[Opening Provided data section]

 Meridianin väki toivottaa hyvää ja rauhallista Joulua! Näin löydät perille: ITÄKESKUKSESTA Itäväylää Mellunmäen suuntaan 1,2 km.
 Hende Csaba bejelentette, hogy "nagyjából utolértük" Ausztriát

[Closing Provided data section]
[Opening Provided data section]

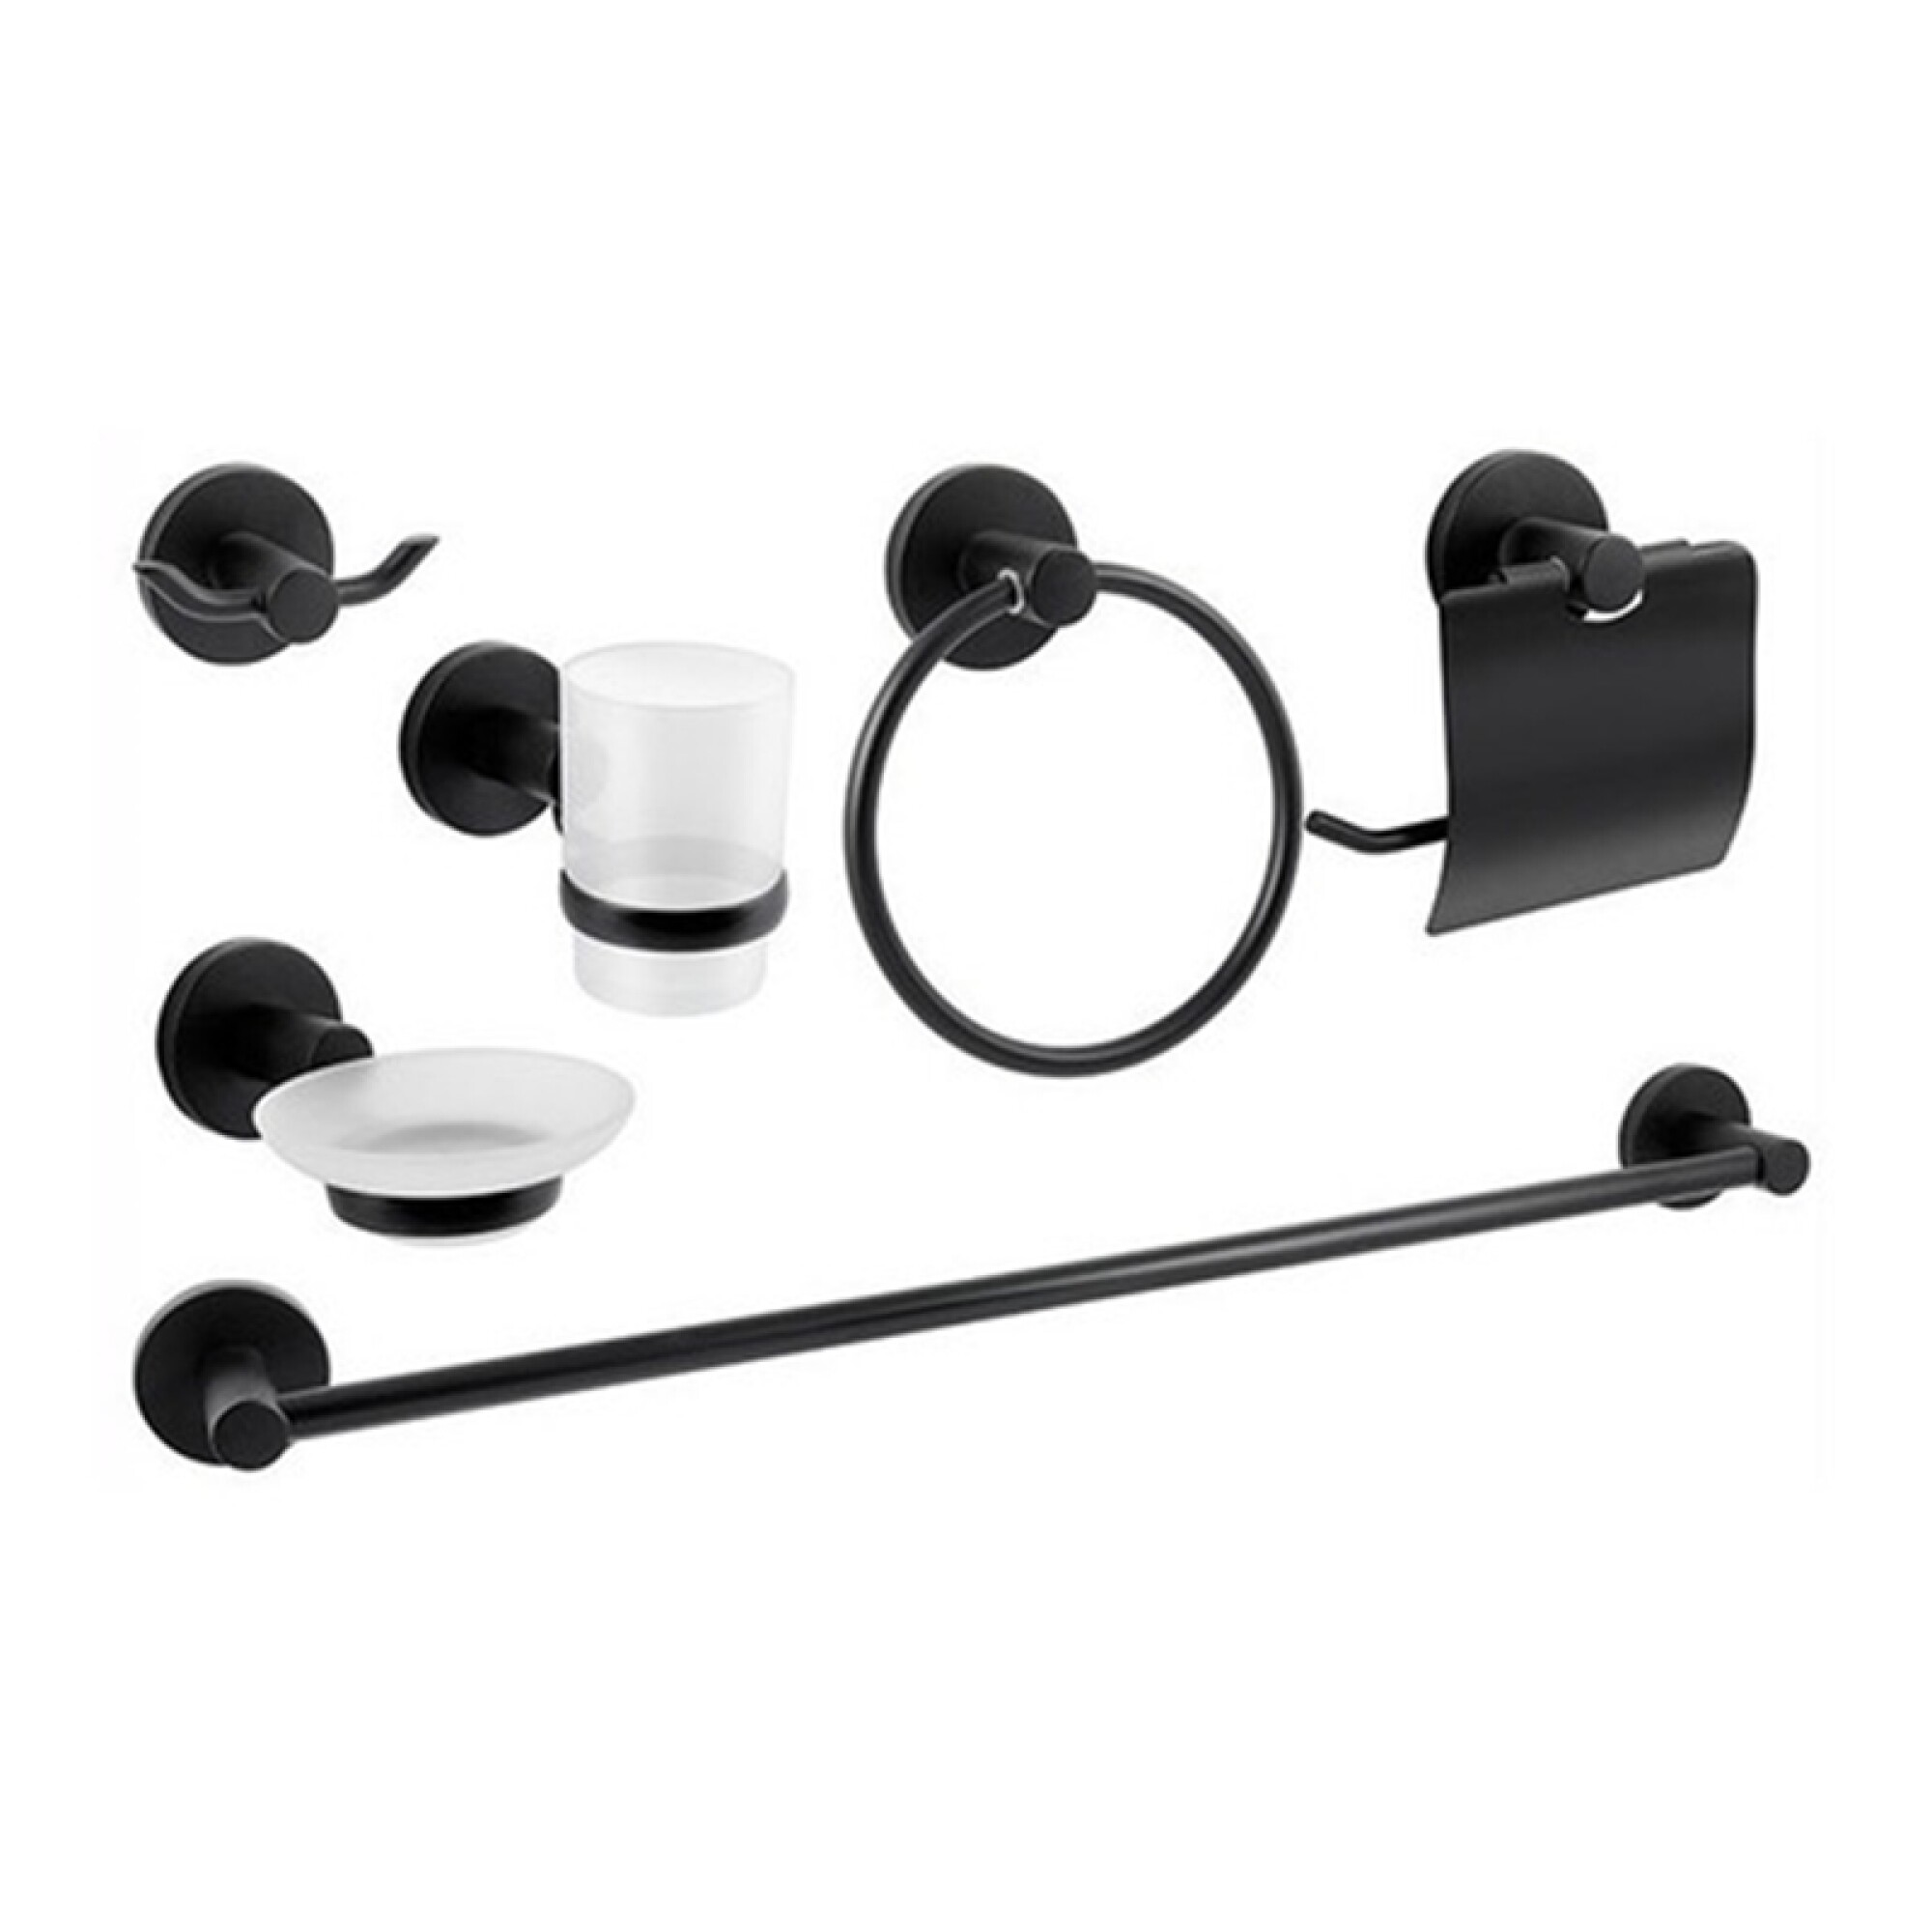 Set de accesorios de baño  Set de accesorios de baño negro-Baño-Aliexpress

[Closing Provided data section]

**What to do:** Word for word, restate the lines above from the line containing "Meridianin väki toivottaa" through the line containing "Hende Csaba bejelentette, hogy", with both included and nothing else.

**Expected output:**
 Meridianin väki toivottaa hyvää ja rauhallista Joulua! Näin löydät perille: ITÄKESKUKSESTA Itäväylää Mellunmäen suuntaan 1,2 km.
 Hende Csaba bejelentette, hogy "nagyjából utolértük" Ausztriát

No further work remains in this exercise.